Israeli legal scholar (born 1932)

Nahum Rakover (Hebrew: נחום רקובר b. 13 November 1932), professor emeritus at Bar-Ilan University, is an Israeli former deputy attorney general.
Rakover is a leading researcher in the application of traditional Jewish rabbinic law to Israel's state legal system.

==Legal career==
Nahum Rakover is a prolific author on Jewish law and associated with the Mishpat Ivri movement, and is the author of over 30 books and 200 articles. In addition to important monographs, he has compiled several bibliographies on the use of Jewish law in Israeli judicial opinions, legislative deliberations, and scholarship. He is the advisor on Jewish Law to the Israeli Ministry of Justice.

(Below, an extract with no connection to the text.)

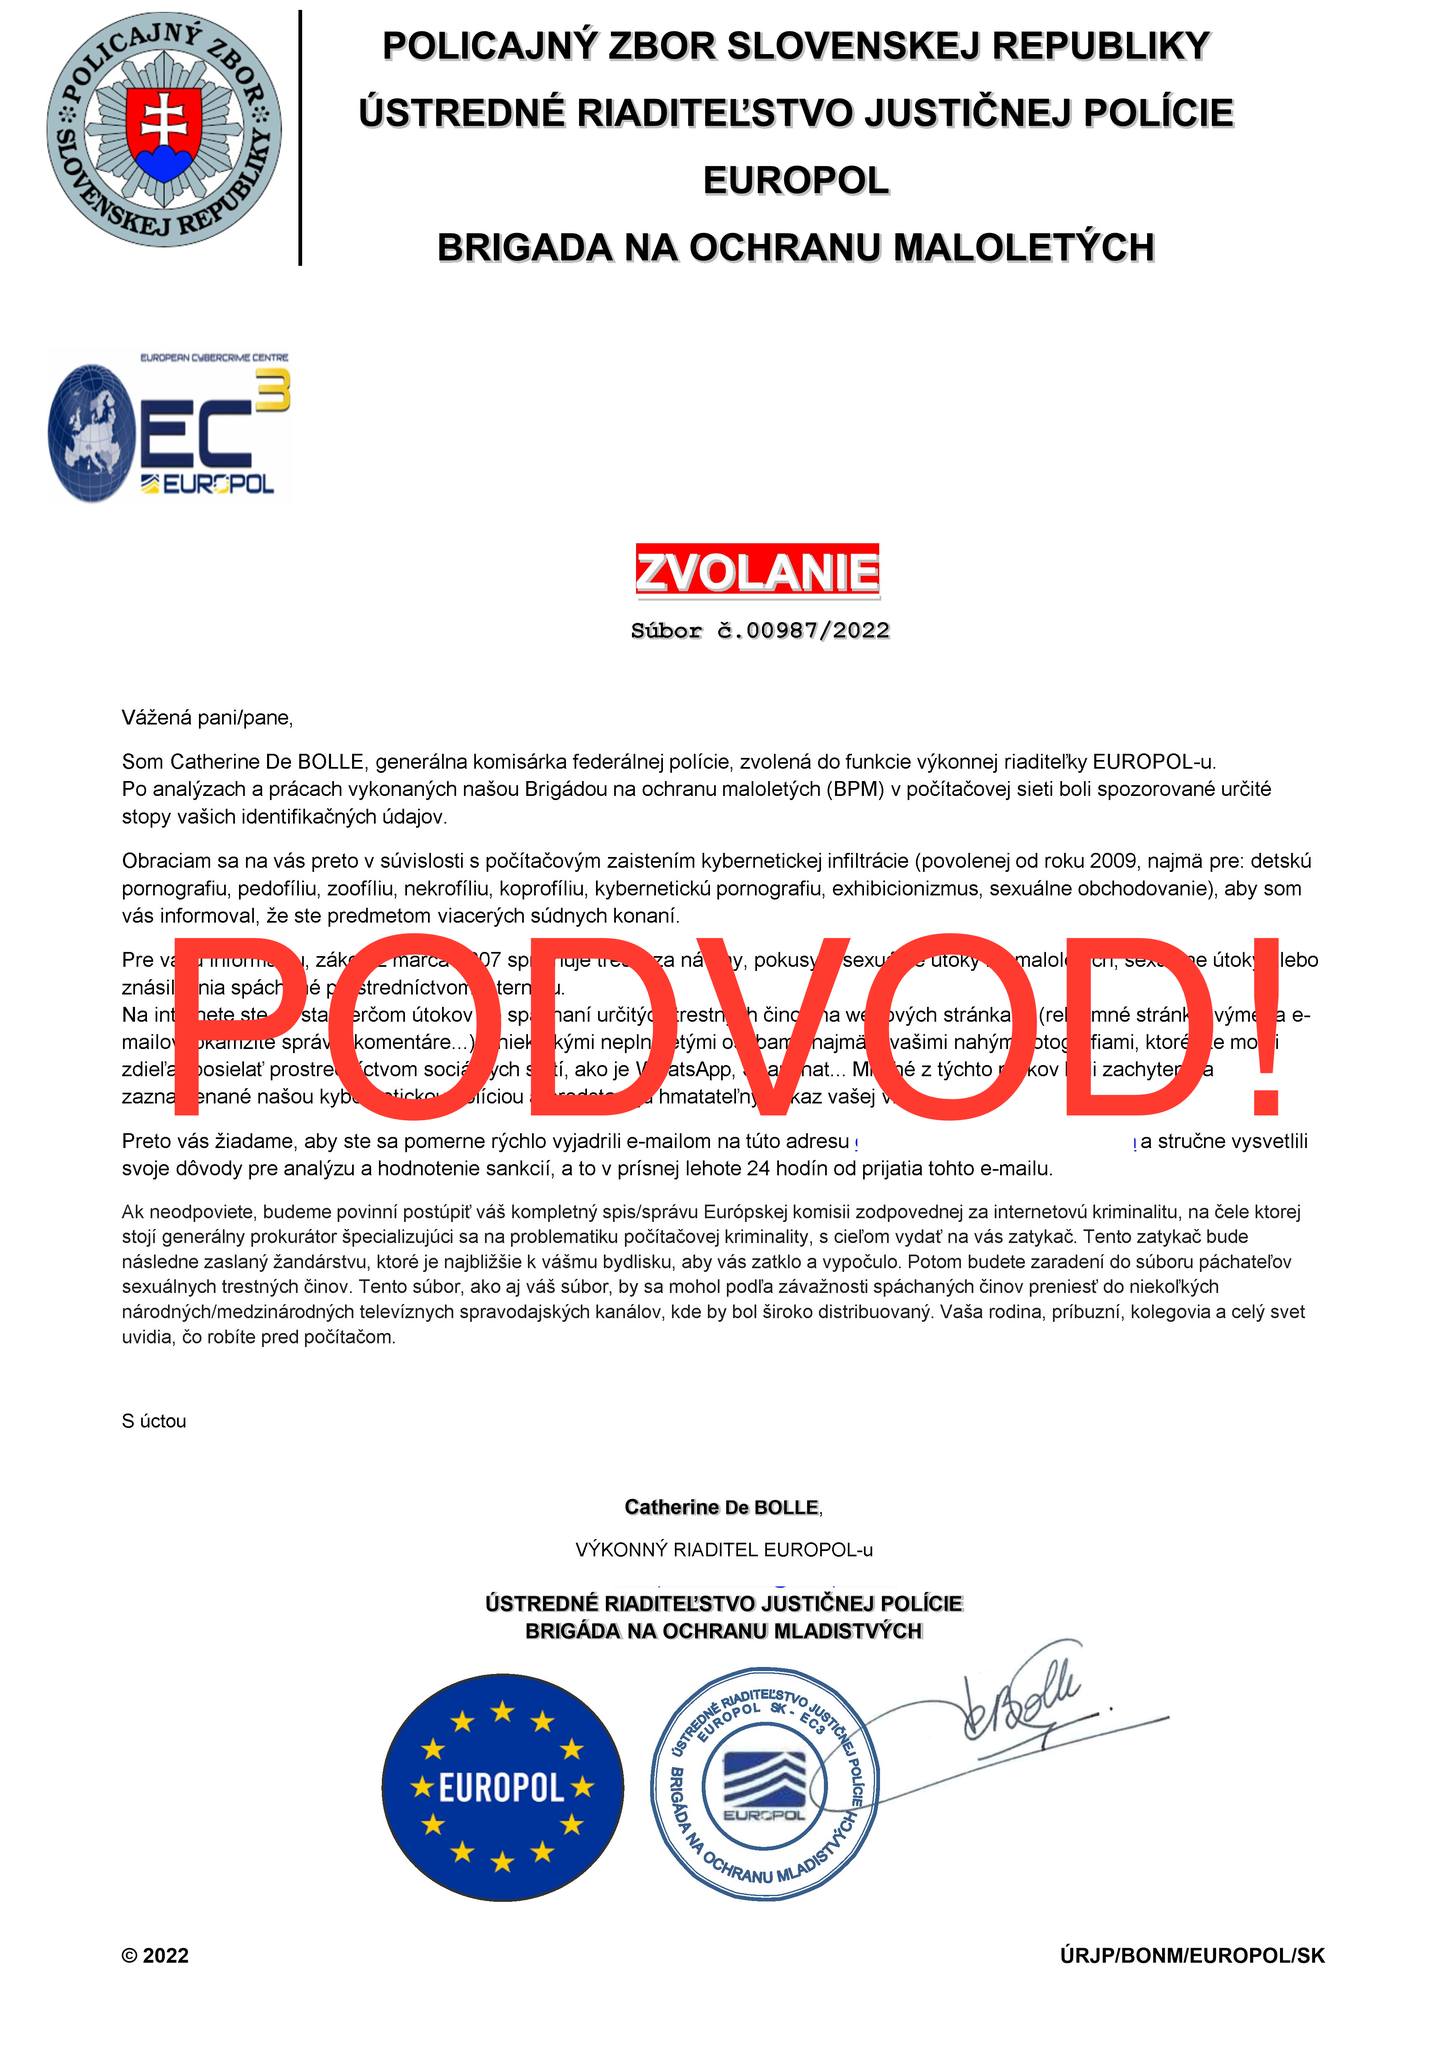 Podvodný e-mail od EUROPOL-u.

Rakover's 2-volume "Jewish Law in the Debates of the Knesset" explores the applications of Jewish law to the problems of modern Israeli society from a legislative rather than a judicial perspective. Of particular interest is his discussion of the 1980 Foundations of Law Act, which looks at the extent to which Jewish law can be used as a basis or supplement to the legal system of Israel.

Rakover has been the main author and editor for The Jewish Legal Heritage Society.

==Awards and recognition==
Rakover's work has won him numerous awards, including:
- In 2002, he was awarded the Israel Prize, for Jewish thought.
- In 2010, he received the Yakir Yerushalayim (Worthy Citizen of Jerusalem) award from the city of Jerusalem.
- In 2019, he was awarded The EMET Prize for Art, Science and Culture in the Humanities for Jewish Law.

==Selected works==
- Law and the Noahides: law as a universal value
- Guide to the Sources of Jewish Law
- Multi-Language Bibliography of Jewish Law
- Commerce in Jewish Law (HaMischar b'Mishpat HaIvri)
- Copyright in Jewish Law (Zchut HaYotzrim baMekorot haYehudiyim)
- The Rule of Law in the Jewish Sources (Shilton haChok b'Yisrael)
- Unjust Enrichment in Jewish Law (Osher v'Lo b'Mishpat)
- Human Dignity in Jewish Law (Gadol Kvod haBriot)
- Ends that Justify the Means (Matara haMekadesheket et haEmtzaim)
- Sacrificing One to Save Many (Mesirut Nefesh – Hakravat haYahid l'Hatzalat haKlal)
- Environment and Judaism, Legal and Philosophical Perspectives (Eichut haSeviva)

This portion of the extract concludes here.